What is being asked = Restate the listing below word for word; no picture is to be carried over.

Given material =
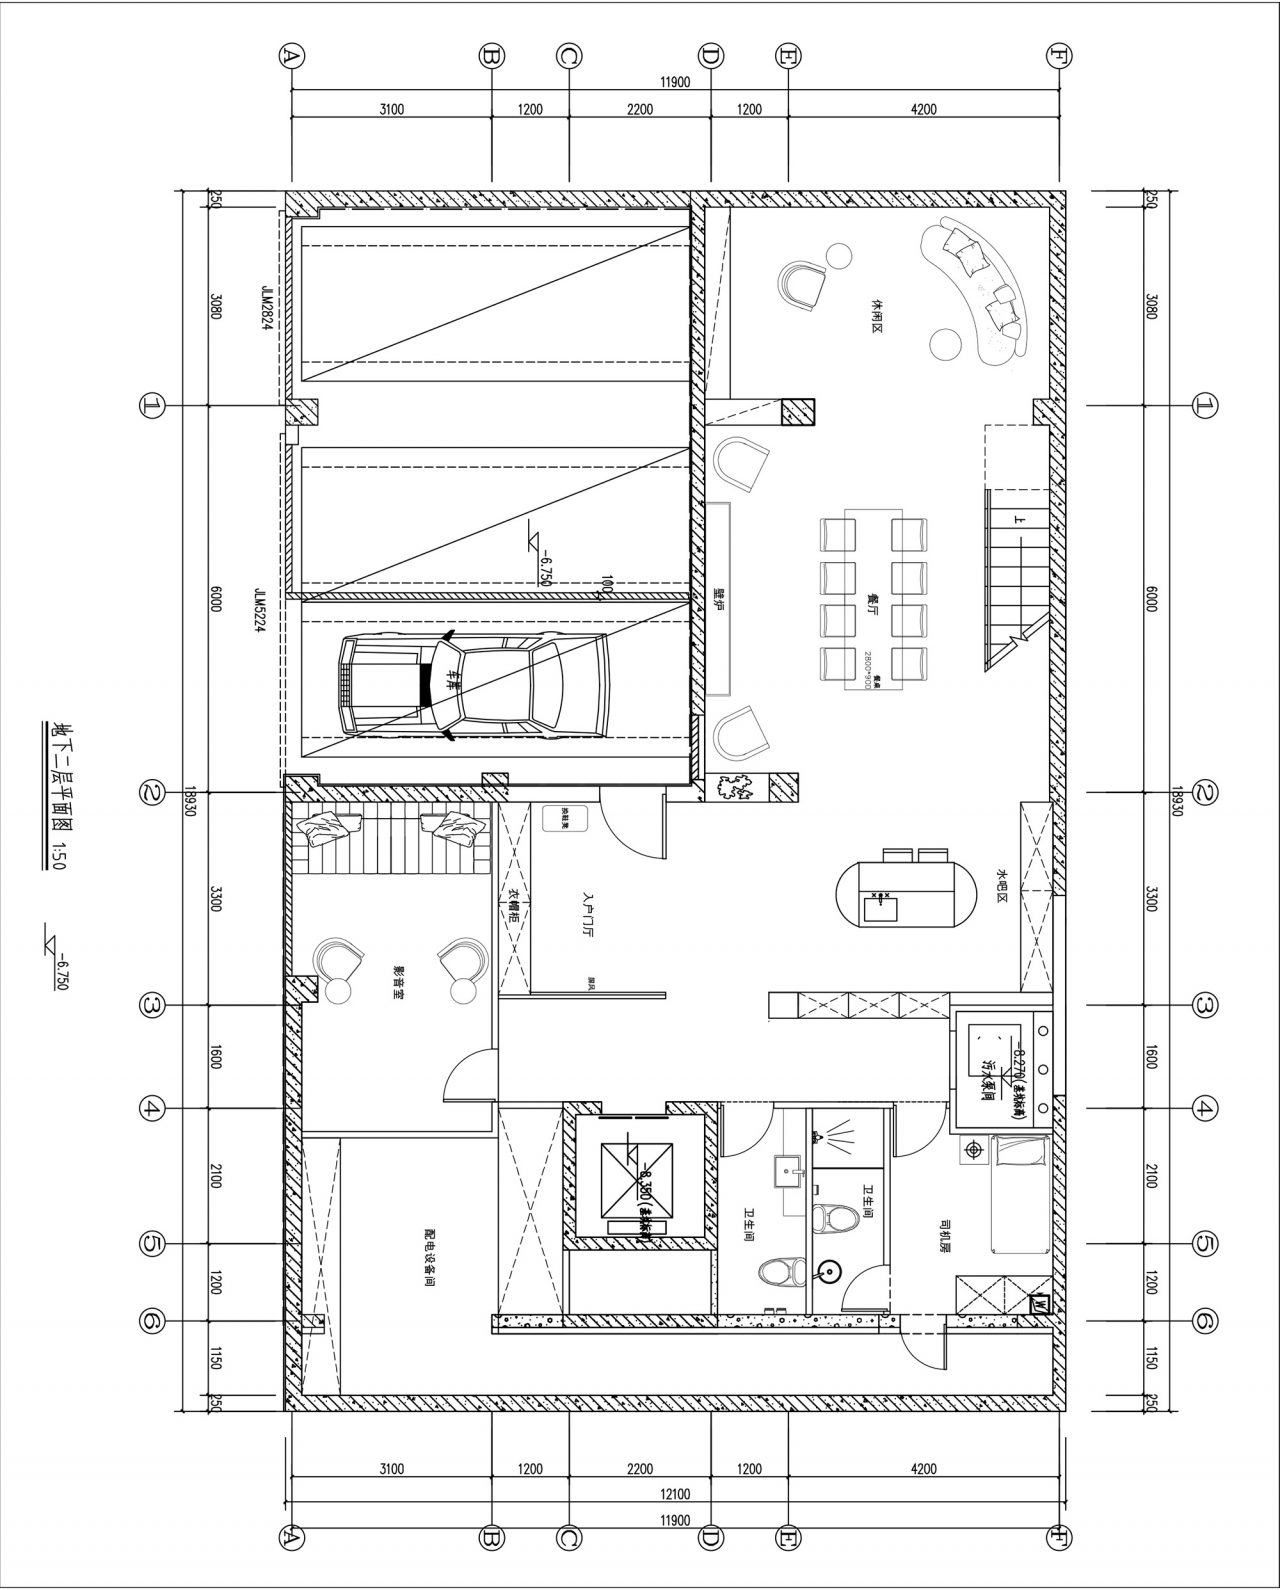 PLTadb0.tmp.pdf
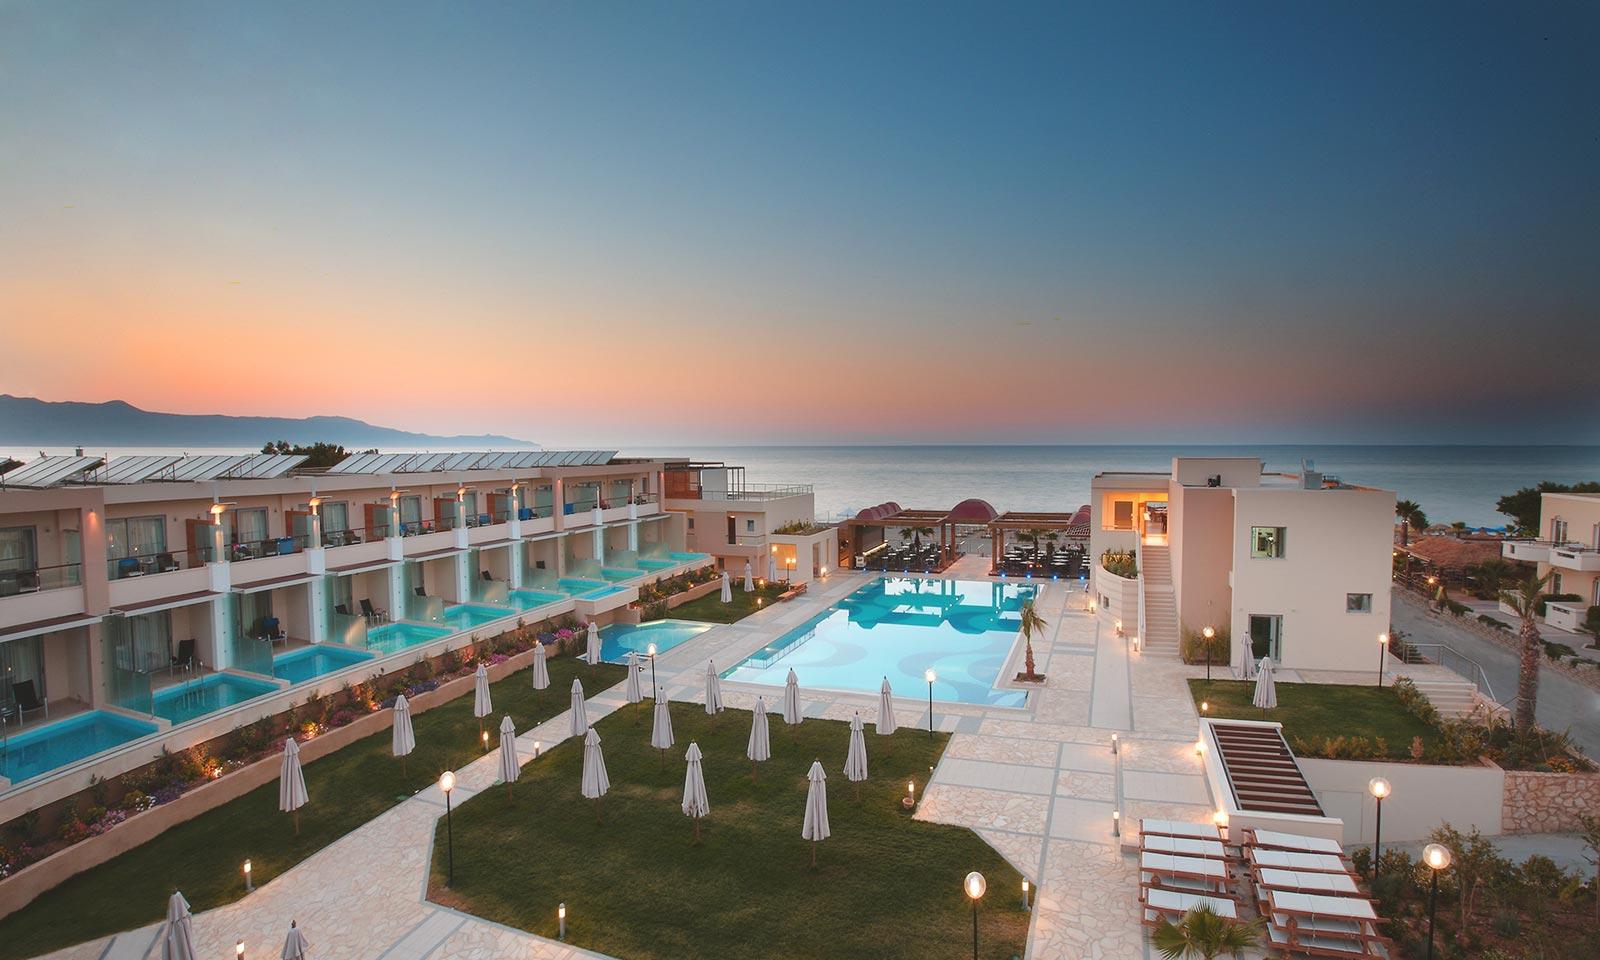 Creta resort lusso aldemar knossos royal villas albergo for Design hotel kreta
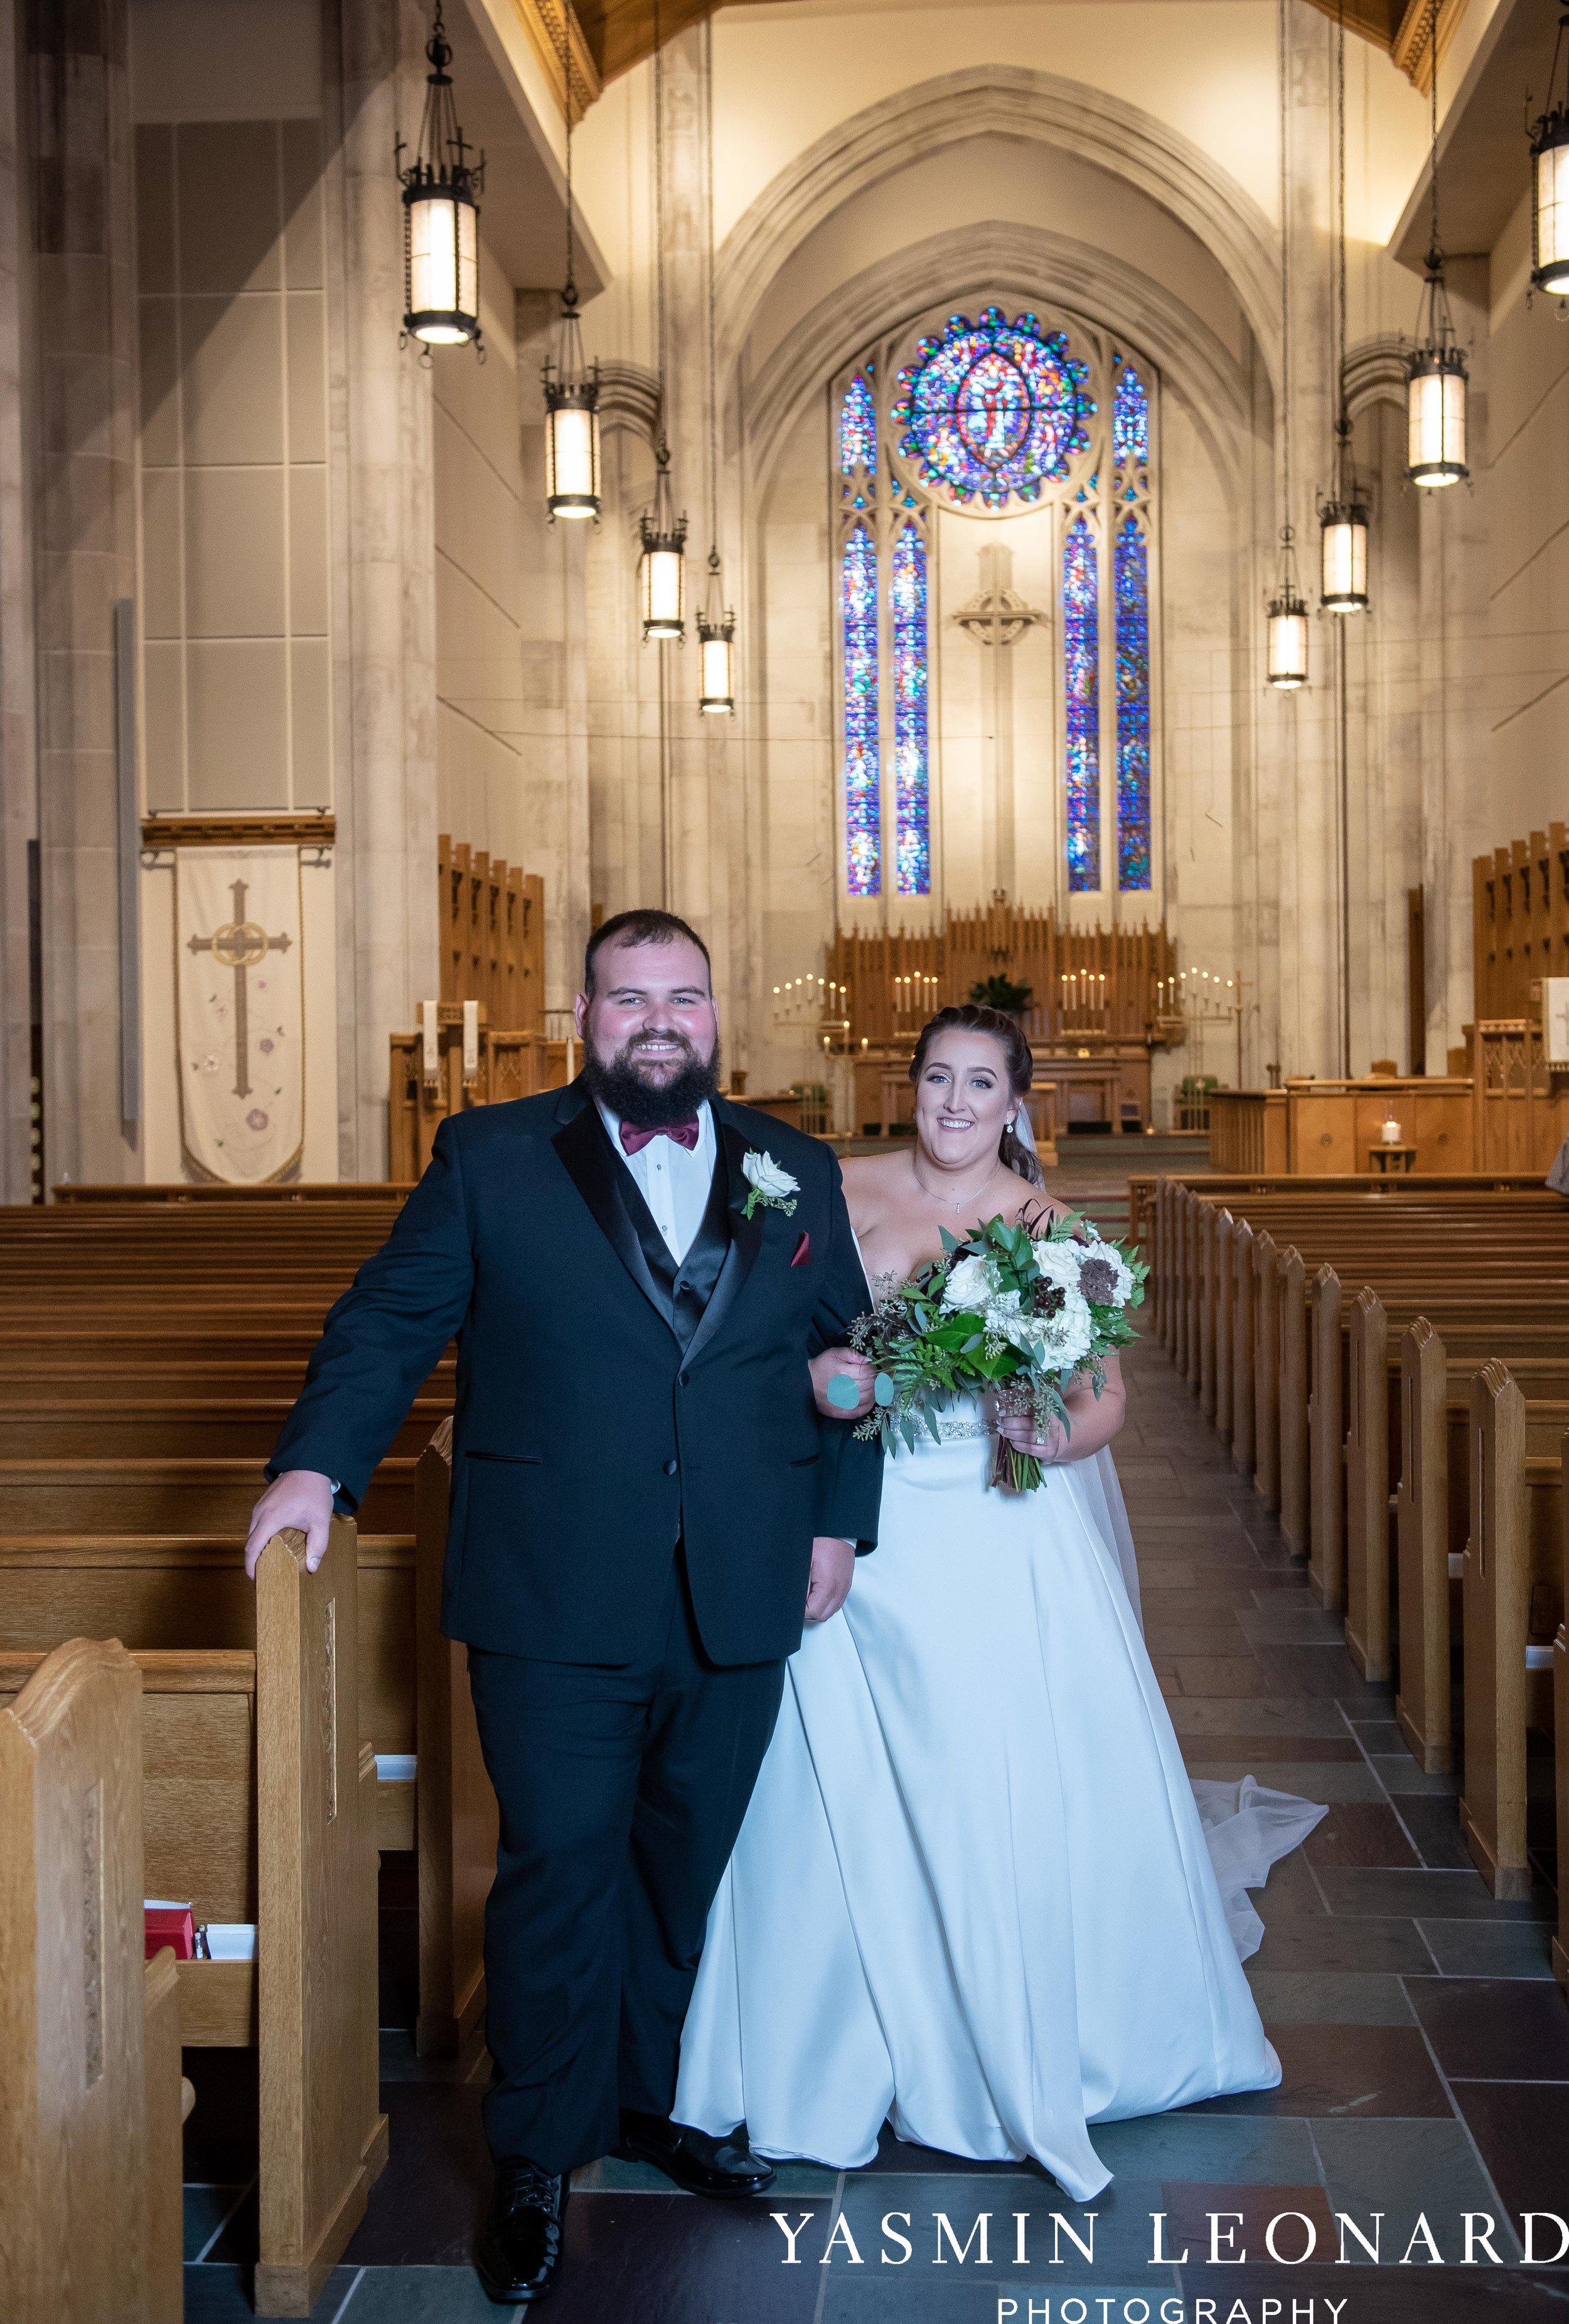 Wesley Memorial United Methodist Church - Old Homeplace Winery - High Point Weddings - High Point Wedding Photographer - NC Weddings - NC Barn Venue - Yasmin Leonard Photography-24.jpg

Response to this task =
 PLTadb0.tmp.pdf
 Creta resort lusso aldemar knossos royal villas albergo for Design hotel kreta
 Wesley Memorial United Methodist Church - Old Homeplace Winery - High Point Weddings - High Point Wedding Photographer - NC Weddings - NC Barn Venue - Yasmin Leonard Photography-24.jpg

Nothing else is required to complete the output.